The gap is |3.2 - 6| = 2.8 hour = 168 minutes (Not sure why my answer does not fit the provided answer list, but my second method also provides the same result)

Option 2:
Let t be the time that Jim starts (the first person to start)

We have 2 equations:
DJ (distance Jim traveled after t hour) = 3t
DM (distance Mike traveled after t hour) = 2(t-2) (Because Mike started 2 hour later than Jim)

So the amount of time it takes Mike to cover the half distance that Jim has covered is:
DM = 1/2 DJ
=> 2(t-2) = 3/2t
=> t = 8
Because this is the number of hour that Jim traveled so we must minus 2 to get the number of hour that Mike traveled => 6

Similarly, the amount of time it takes Jim to cover four times the distance that Mike has covered:
DM = 1/4 DJ
=> 2(t-2) = 1/4*3t
=> t = 16/5 (because the question asks the duration of Jim, now we don't need to minus to get that of Mike)

So that gap is: 16/5 - 6 = 2.8 hour = 168 minutes.

Personally, I prefer the second way to solve, it takes much less time than the first one. Hope it helps.

No, that is not the case. The 't' in my solution represents the time after Mike starts moving. If you wanted to find the time including the 2 hour head start that Jim got, you'd need to add 2.

And before Mike starts moving, you could say colloquially that Jim has traveled infinitely further than Mike. But if the ratio of Jim's speed to Mike's speed is 3 to 2, then no matter what head start one of them gets, the longer they travel, the closer the ratio of their distances will get to 3 to 2 (it's Jim who is faster, by the way, not Mike). So at some point that ratio will be 4 to 1, and at some later time it will be 2 to 1, the two ratios in the question. The only ratios that would be impossible are ratios of 3 to 2 or less.

That's a very good point - in my original solution, I used Mike's time here instead of Jim's time, but your solution is perfect. Thanks for the correction! I've edited the last line of my solution to fix that.

I, too, got 168 minutes. The question itself is a pretty straightforward one but the problem is that the correct answer is not listed among the options. My solution:

(1) Let T1 hrs be the time MIKE takes to cover half the distance that JIM covers concurrently. Since Jim had a 2 hour head-start, he will have covered 3*(T1+2) miles by the time Mike covers 2*T1 miles. Thus,
2T1=(1/2)[3(T1+2)]. Solving, we get T1=6 hrs=360 minutes.

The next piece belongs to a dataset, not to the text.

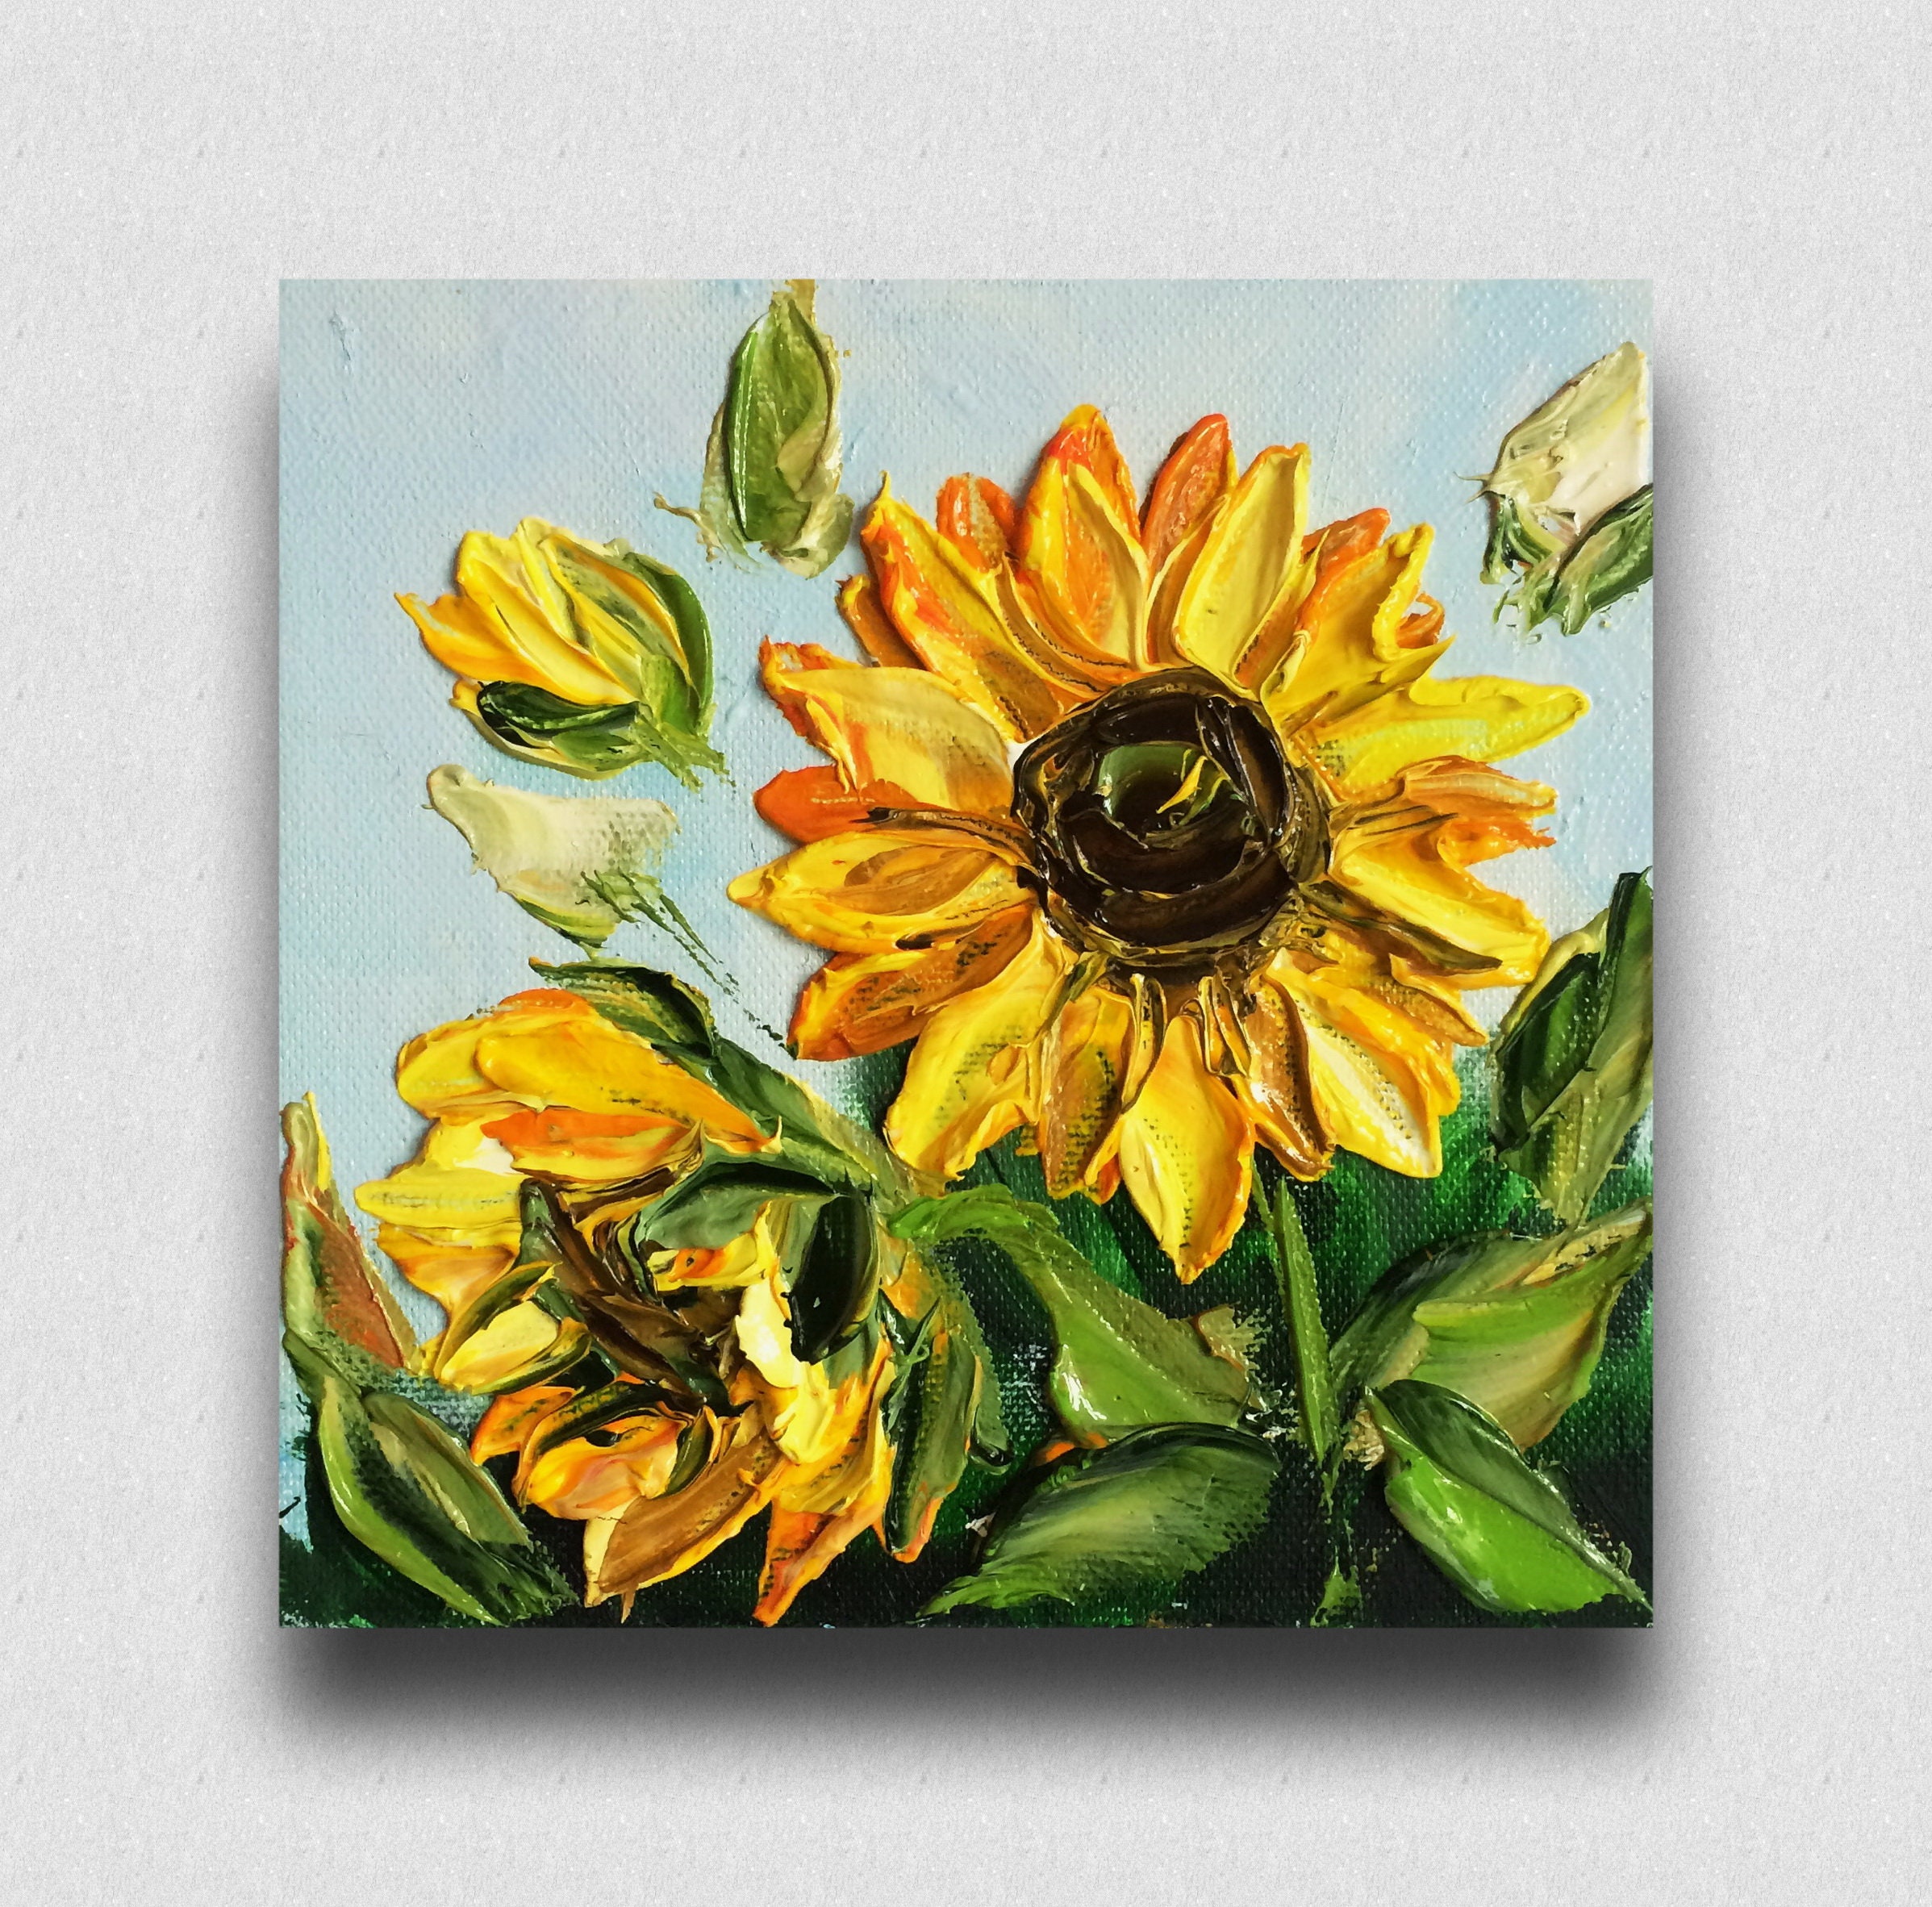 Painting of Etsy Flower Online Little an Miniature With Miniature. Easel. India Floral Canvas. - Painting Art. Sunflower Sunflower Yellow in a Wall Buy on Present.

(2) Let T2 hrs be the time JIM takes to cover 4 times the distance MIKE covers concurrently.Since Mike started 2 hours later, he will have covered 2*(T2-2) miles by the time Jim covers 3*T2 miles. Thus,
3*T2=4*2*(T2-2). Solving, we get T2=(16/5)hrs=192 minutes.

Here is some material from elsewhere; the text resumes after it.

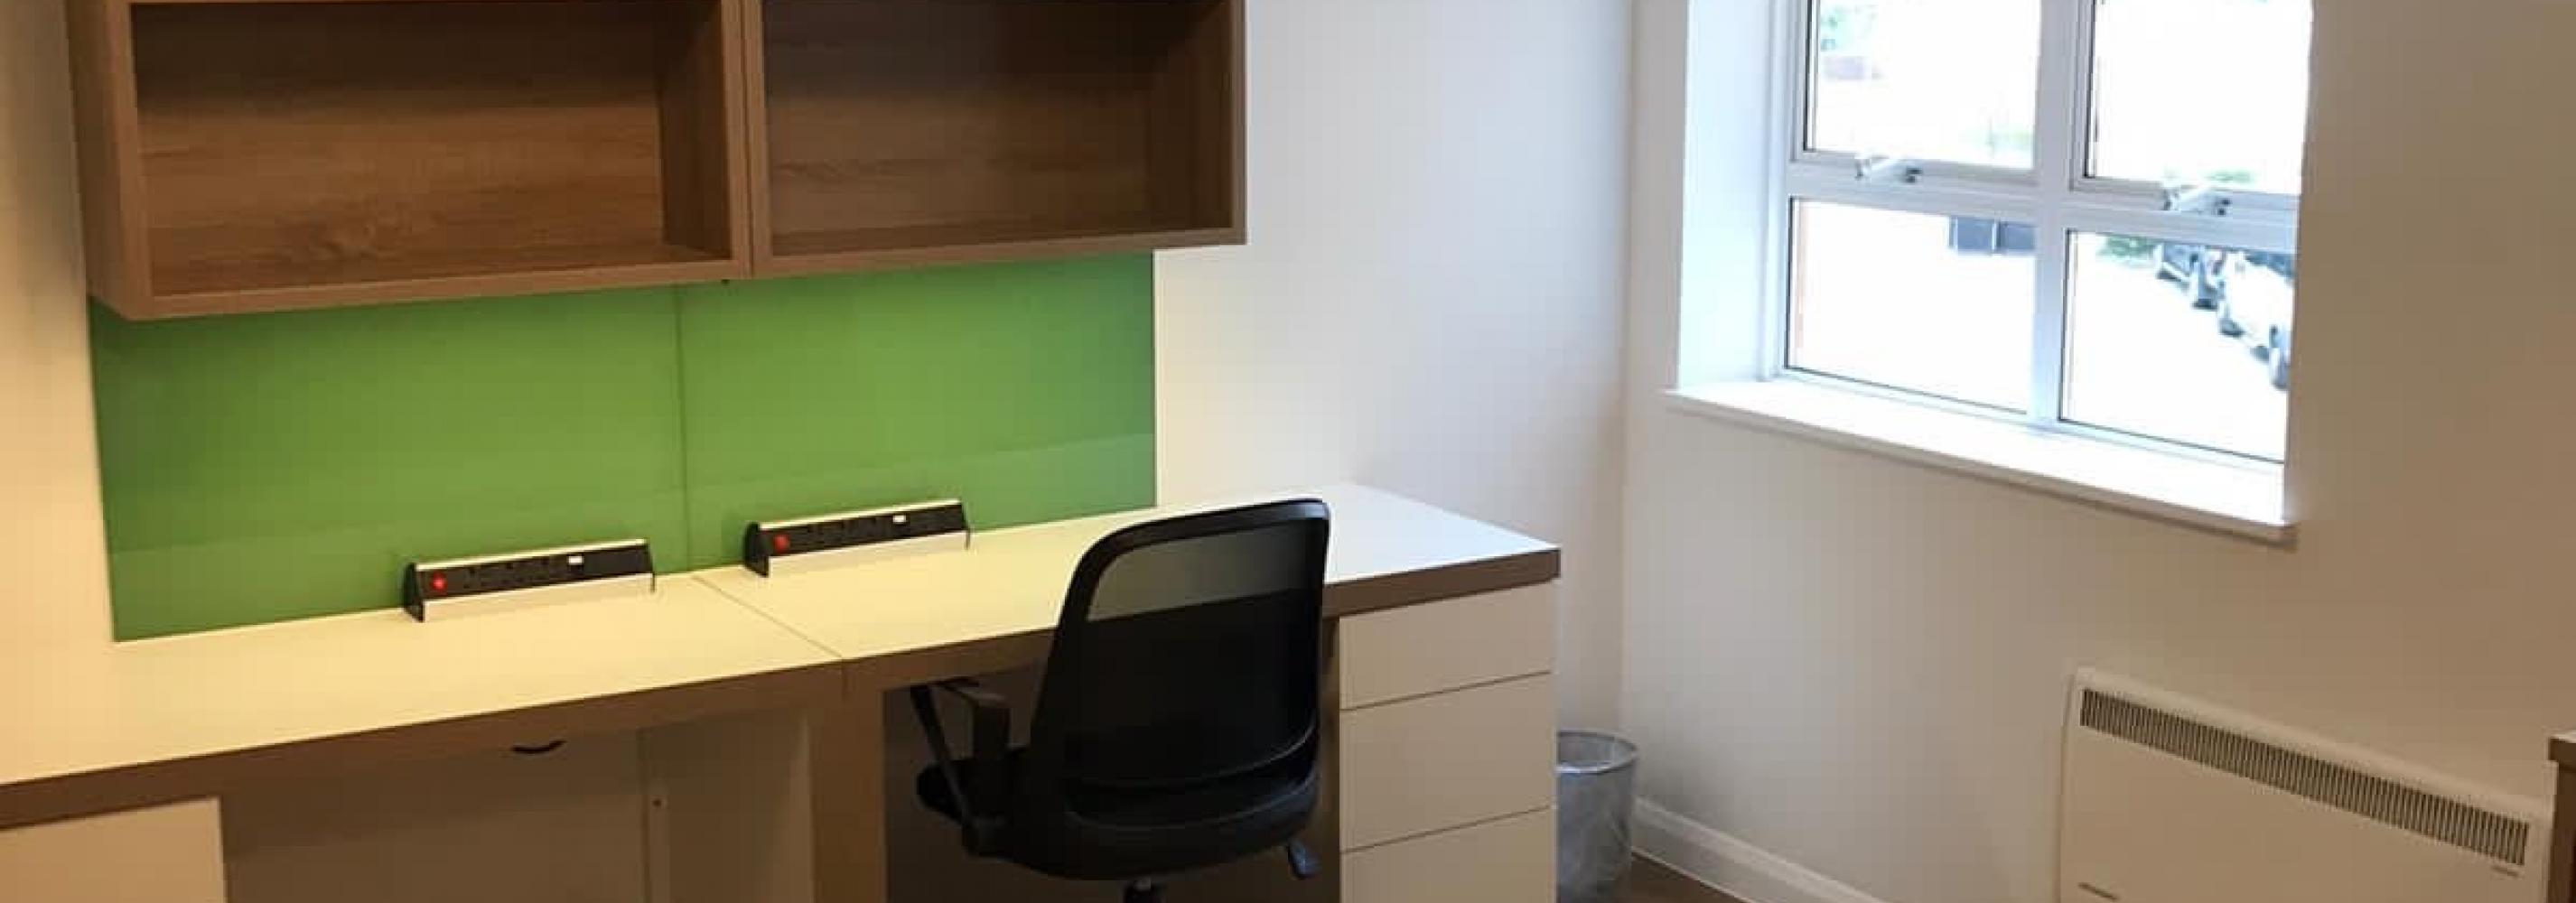 Double desk with shelving above. Window to the right. One desk chair tucked in.

T1-T2=360-192= 168 minutes.

Back-solving, this checks out:
(a) In 6 hrs, Mike travels 12 miles. Concurrently, Jim travels for 8 hrs (since he had a 2-hour head-start) and covers 8*3=24 miles which is twice the distance Mike covered. So, 360 minutes for T1 checks out.
(b) In (16/5)hrs, Jim travels (48/5)miles. Concurrently Mike travels for (16/5-2)hrs (since he started 2 hrs after Jim) and covers (6/5)*2=(12/5)miles. So the distance that Jim covers (48/5)miles is 4 time the distance that Mike covers (12/5)miles. Checks out.

On the other hand, the OA does NOT check out. Tried assuming 'x' hrs as the time for the 2nd scenario (Jim covering 4 times the distance Mike covers) which makes [x+(12/5)]hrs the time for the 1st scenario, formed equations and got different values for 'x' in the two scenarios.

Maybe, the official solution could clear things up. Expert input from Buniel, VeritasKarishma or chetan2u would be welcome.

btrg
What is the source of this question? It seems that the answer is 168, but it is not listed in the answer choices.
Thanks!